Can explainees’ reactions scaffold the structure of explanations during the moment of conversation? In our study, we investigate whether explainees’ multimodal behavior can trigger a change in the episodic structure of doctor’s explanations of an upcoming surgery. Adapting previous research on explanation episodes (Roscoe & Chi, 2007), we analyze patients’ multimodal behavior (gaze, gestures and backchannelling) during transitions between different blocks of explanations.
Whereas scaffolding is mostly comprised as clear guidance for a task and what to do, the use of negation suggests what not to do. We investigated whether negation has an influence on basic processes such as the distribution of attention across the visual field. In an experiment with pairs of colored items, instructions for “now red!” caused a large attentional weight. When the instruction was negated “not green!”, the attentional weights were more balanced.
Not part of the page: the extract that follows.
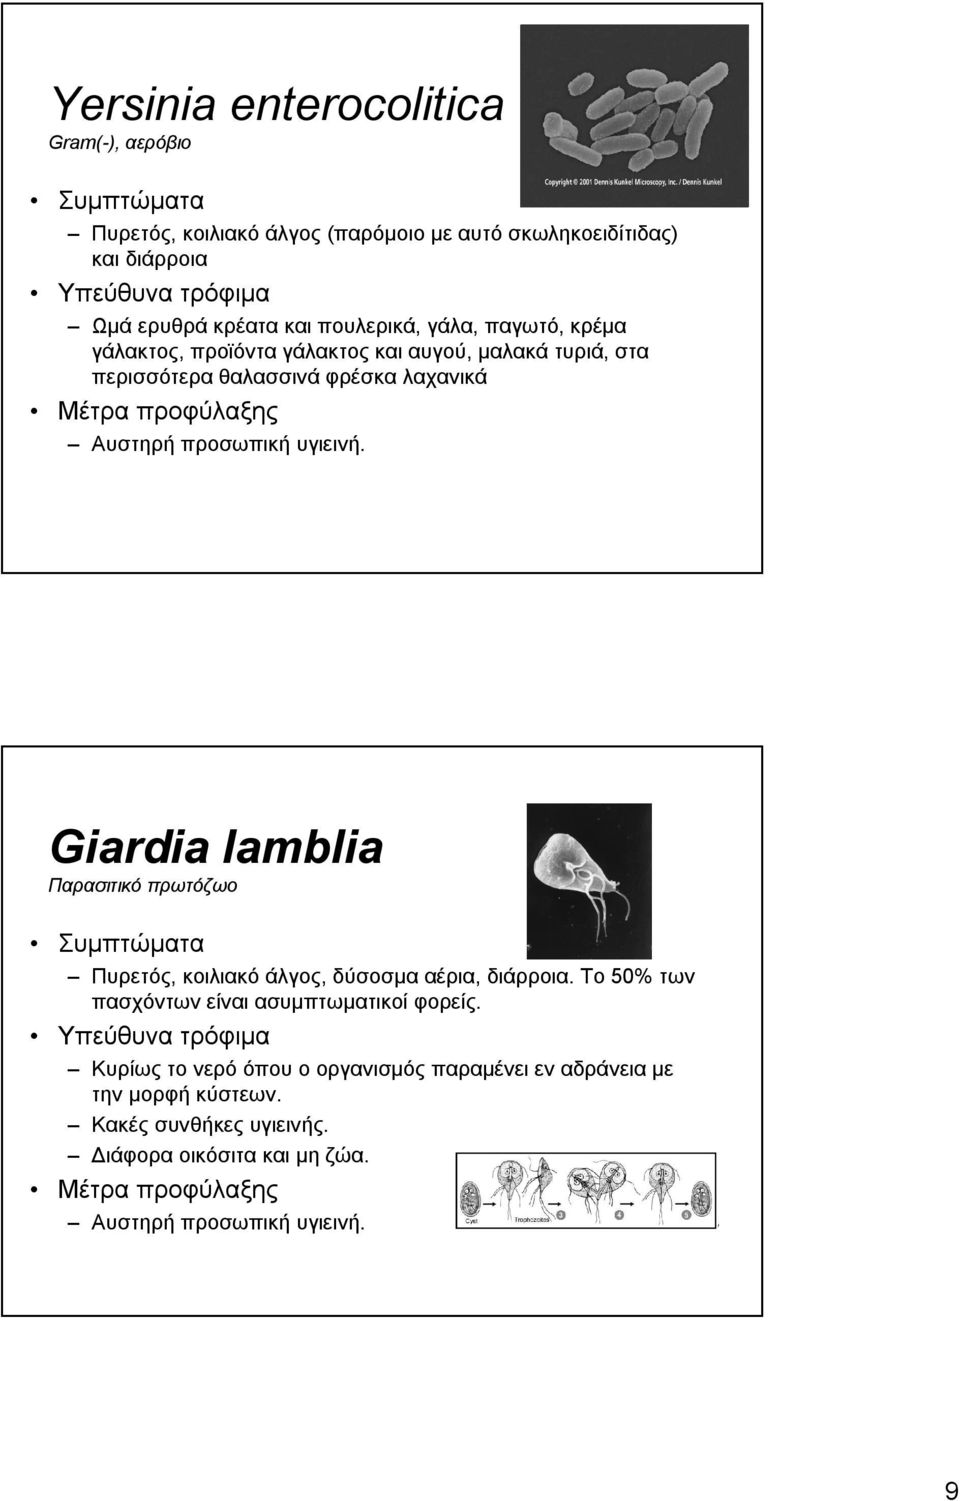 υγιεινή. Giardia lamblia Παρασιτικό πρωτόζωο Πυρετός, κοιλιακό άλγος, δύσοσμα αέρια, διάρροια. Το 50% των πασχόντων είναι ασυμπτωματικοί φορείς.
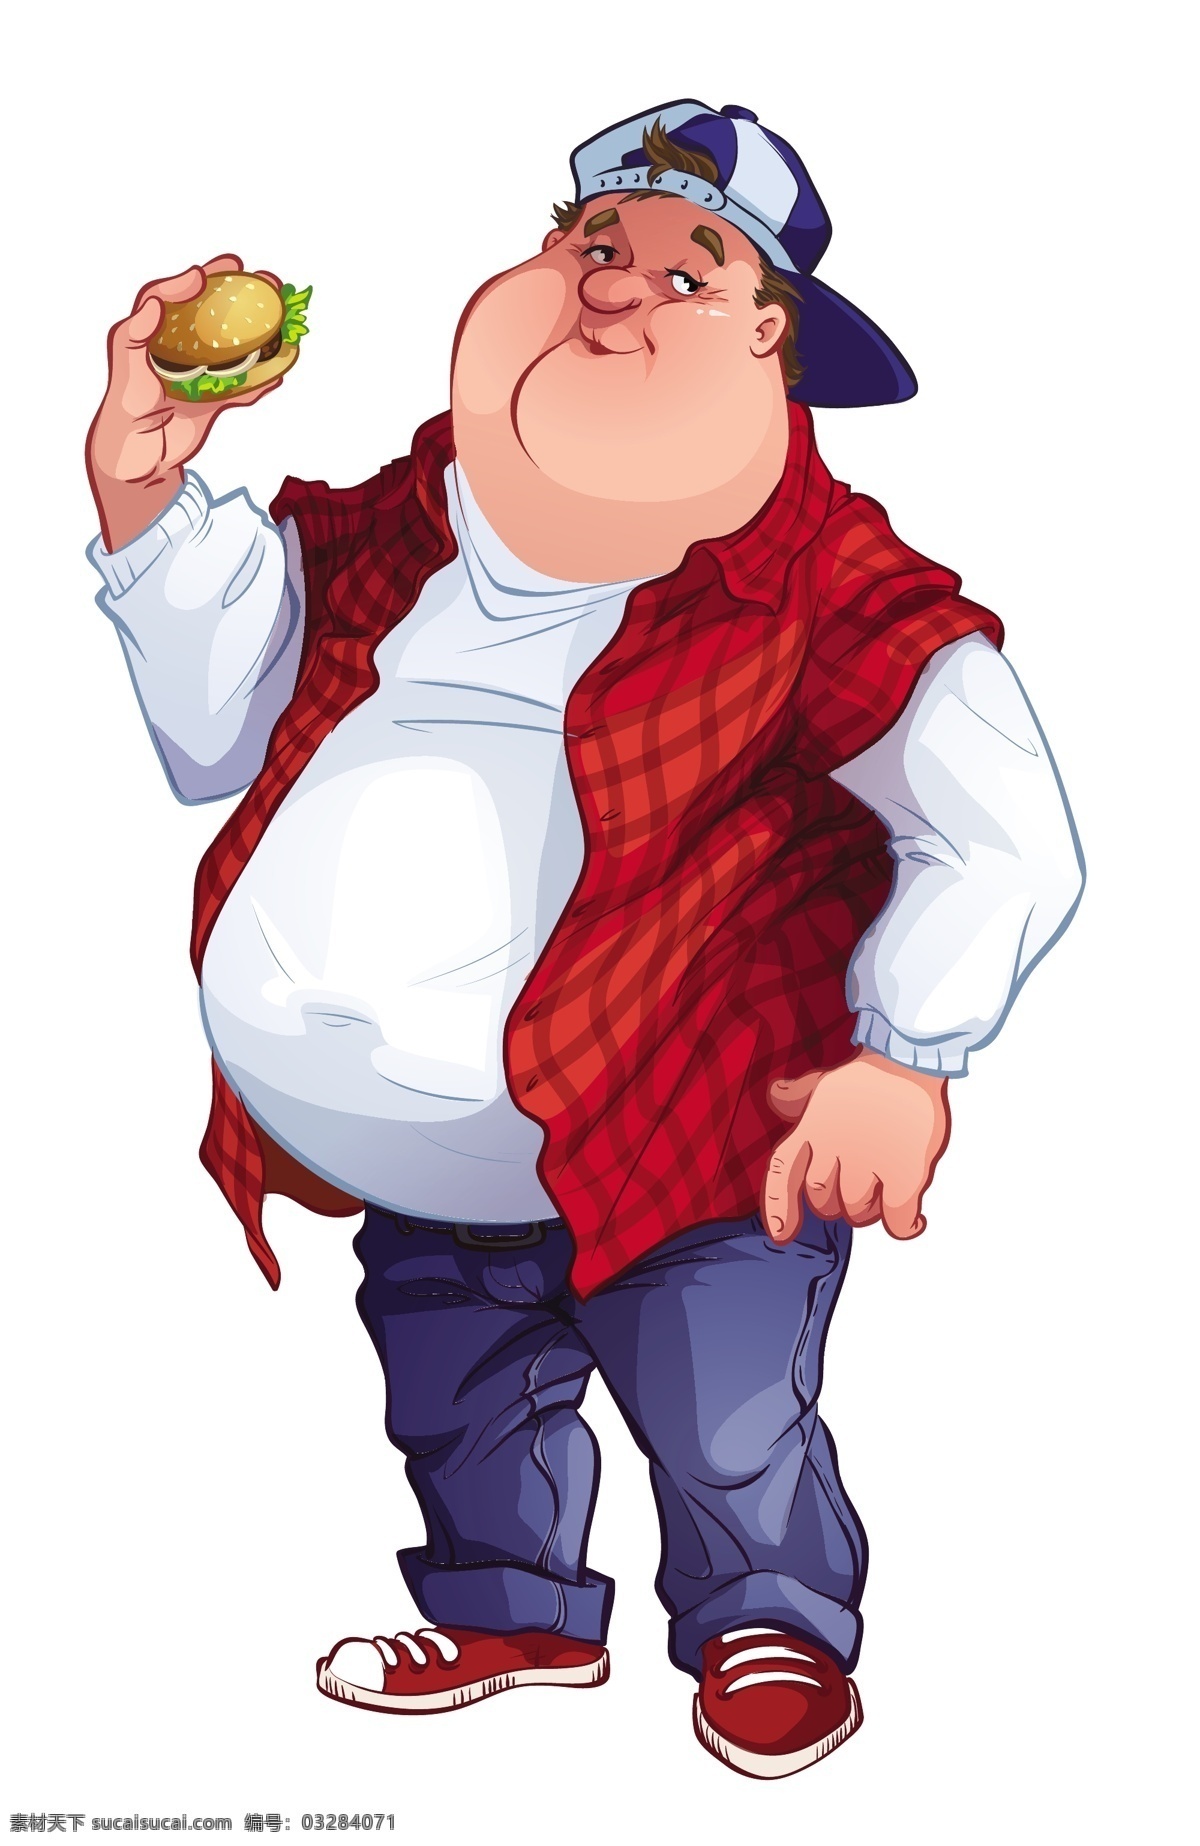 汉堡包 胖子 插画 卡通画 人物 胖子插画 男人 日常生活 矢量人物 矢量素材

This points toward the possibility to scaffold attention to a more balanced distribution by negation and will be tested in a human-robot interaction.
Emotions play an important role in tutoring situations and affect understanding processes in different ways. Whereas in parent–child interactions, the display of ostensive affective signals such as surprise or joy can support the understanding of action explanations, in other interactions such as with decision support systems, emotions may hinder the processes of understanding and action taking. We therefore develop an interactive system that is capable of scaffolding emotional processes in order to avoid such negative effects.